FIGURE 1.

Analysis of APP levels and proliferation of NSPCs derived from Tg2576 mice and background strain C57Bl/6xSJL mice. A, Western blot analysis of the level of APP in the conditioned medium of neurosphere cultures. Blots were stained with mAb 22C11, which recognizes both human and mouse APP, and mAb 6E10, which is specific for human-sequence APP. B, analysis of the proliferation of NSPCs. Neurospheres were dissociated, and the isolated cells were seeded on poly-l-lysine-coated 96-well plates at a density of 2000 cells/well. After 2, 4, or 6 days in culture, the relative number of cells was estimated using the alamarBlue assay.
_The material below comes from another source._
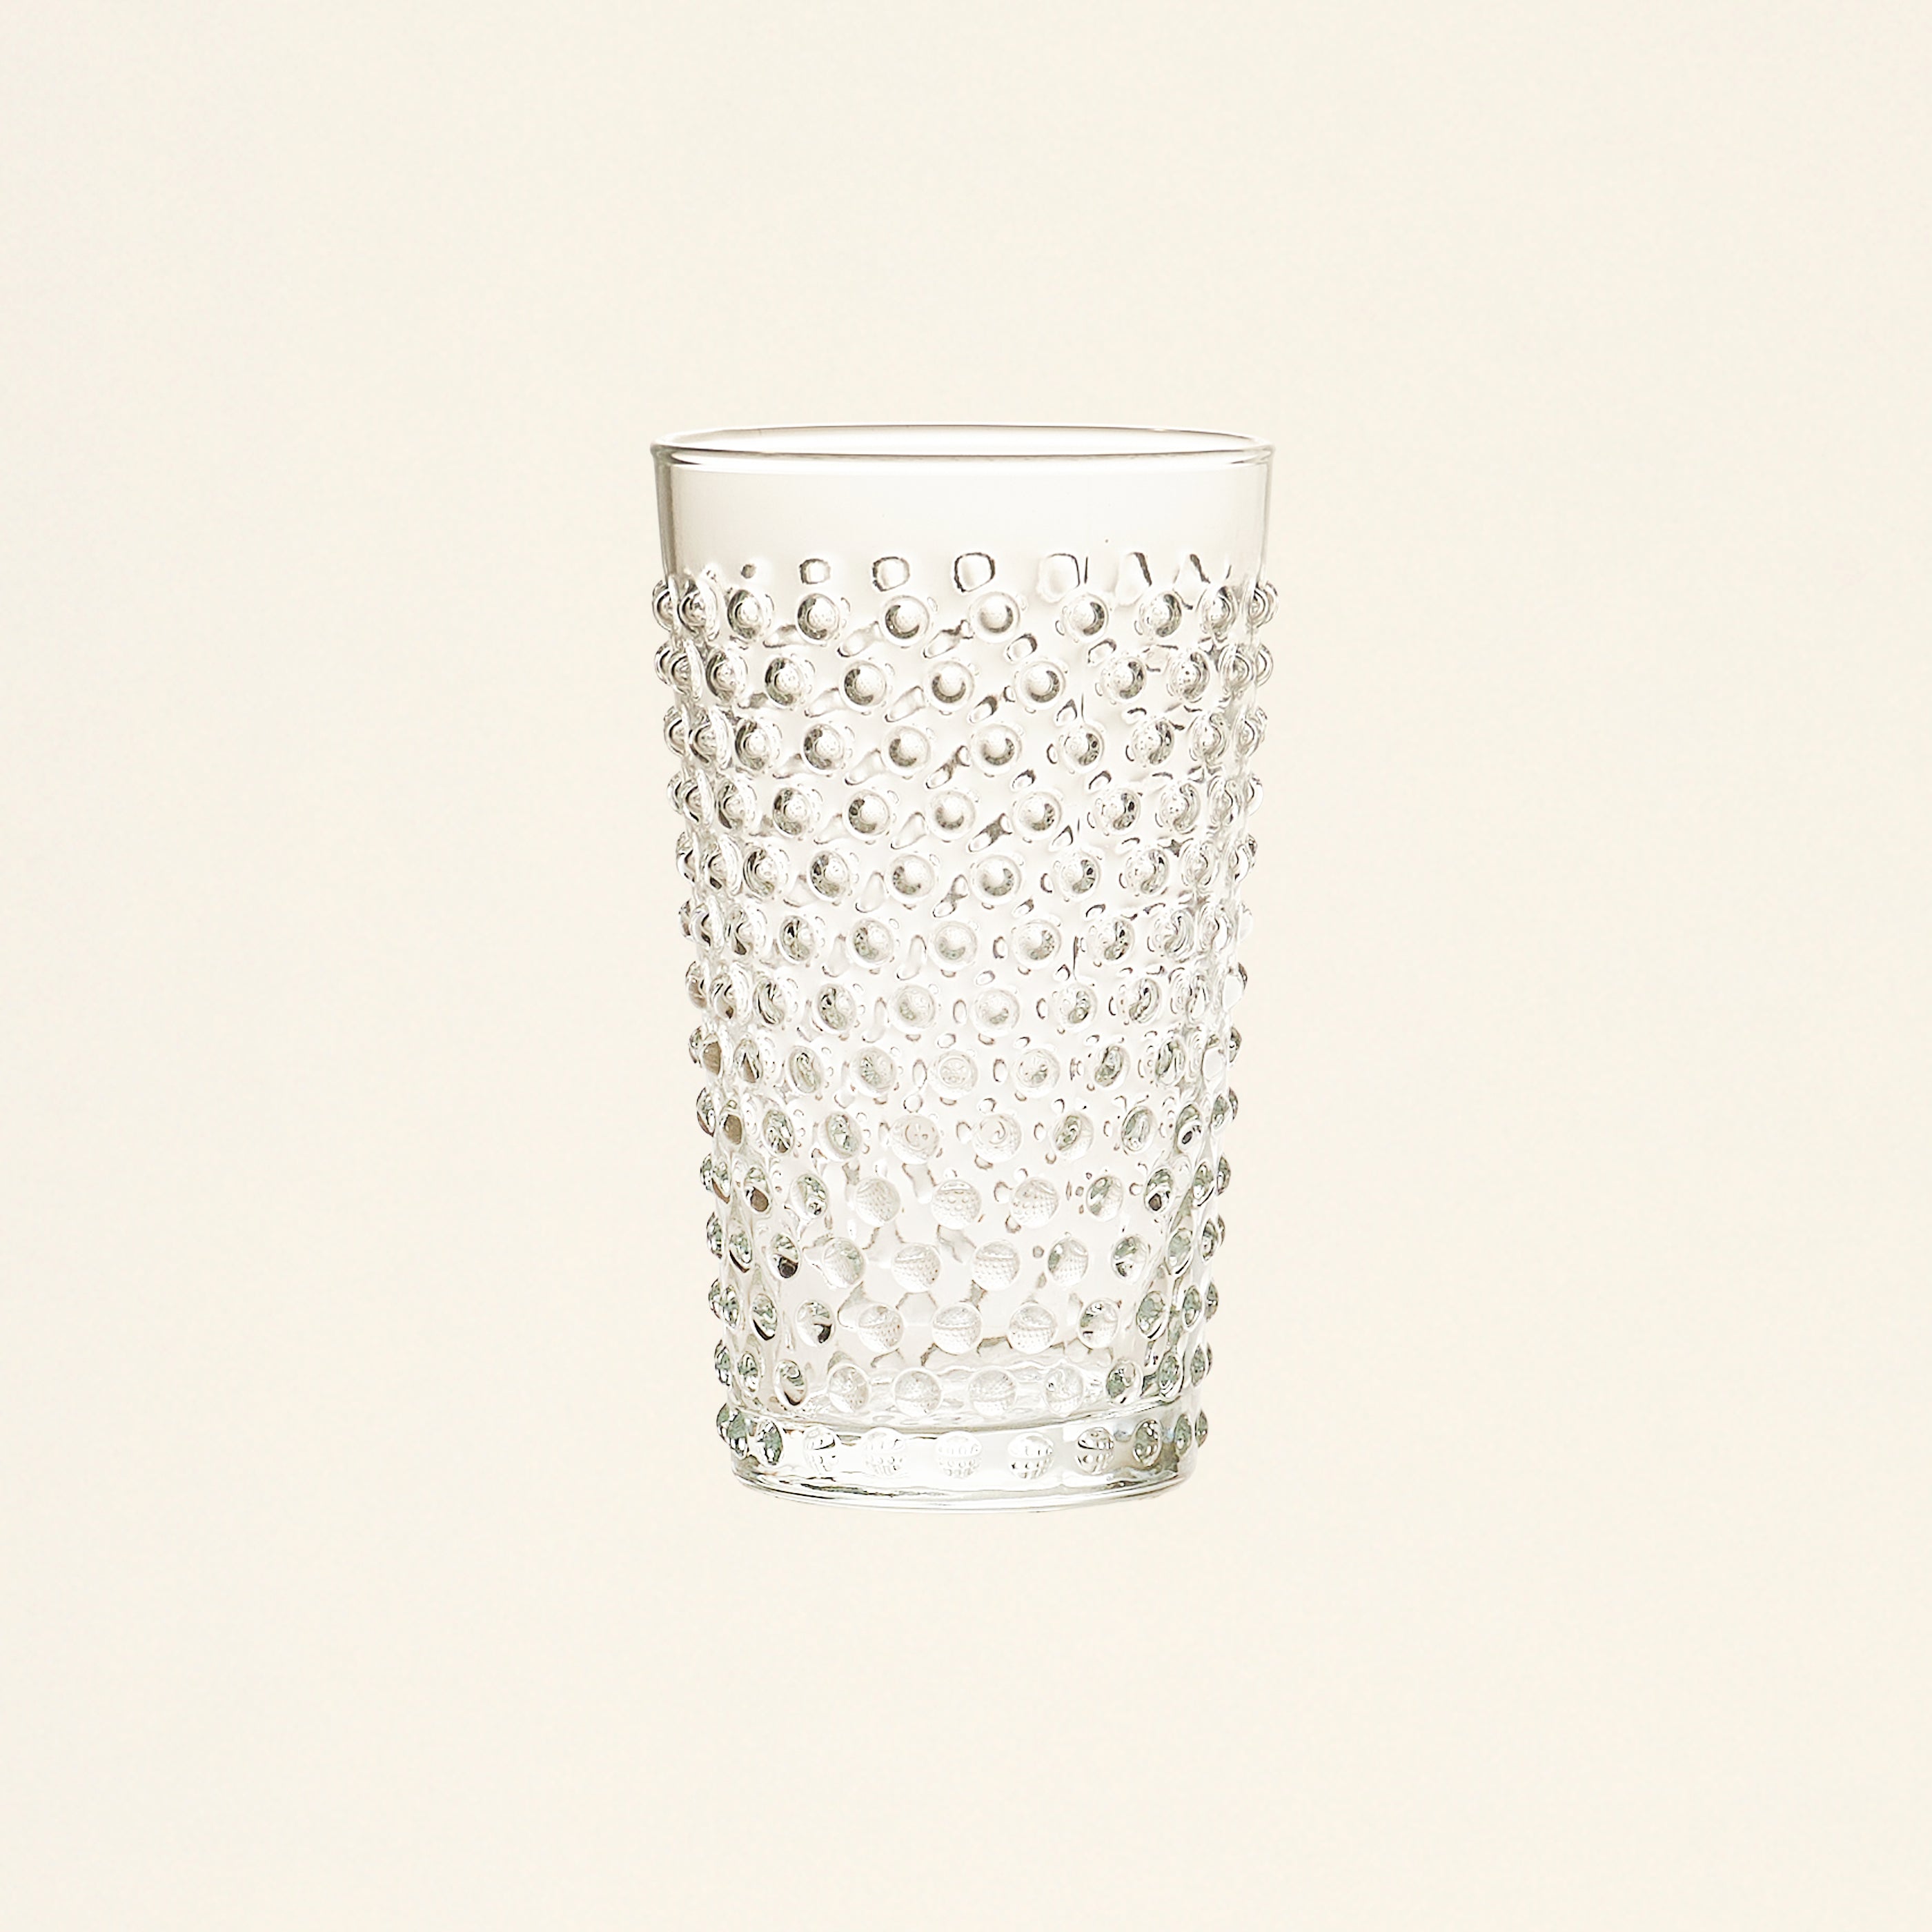 Vintage Drinking Glasses . Set of Glass Highball Tumblers . Fancy Brunch  Barware

Fluorescence intensity was taken as an index of cell number. Values are means ± S.E. (n = 3 wells). C, phase-contrast microscopy of neurospheres after 7 days in culture. Scale bar = 200 μm. D, quantitation of the area of neurospheres from the experiment shown in C. Values are means ± S.E. (n = 200 neurospheres). E, EdU incorporation assay of cell proliferation. NSPCs were cultured in proliferation medium for 4 days prior to incubation for 8 h with EdU (30). The graph shows the mean values (± S.E.) of the percentage of cells incorporating EdU (n = 30 incubations). * = significantly different from corresponding values for the background strain C57BL/6xSJL cells (p < 0.05, experiment in panel B, one-way ANOVA with post hoc Tukey's test; experiment in panel D, Student's t test).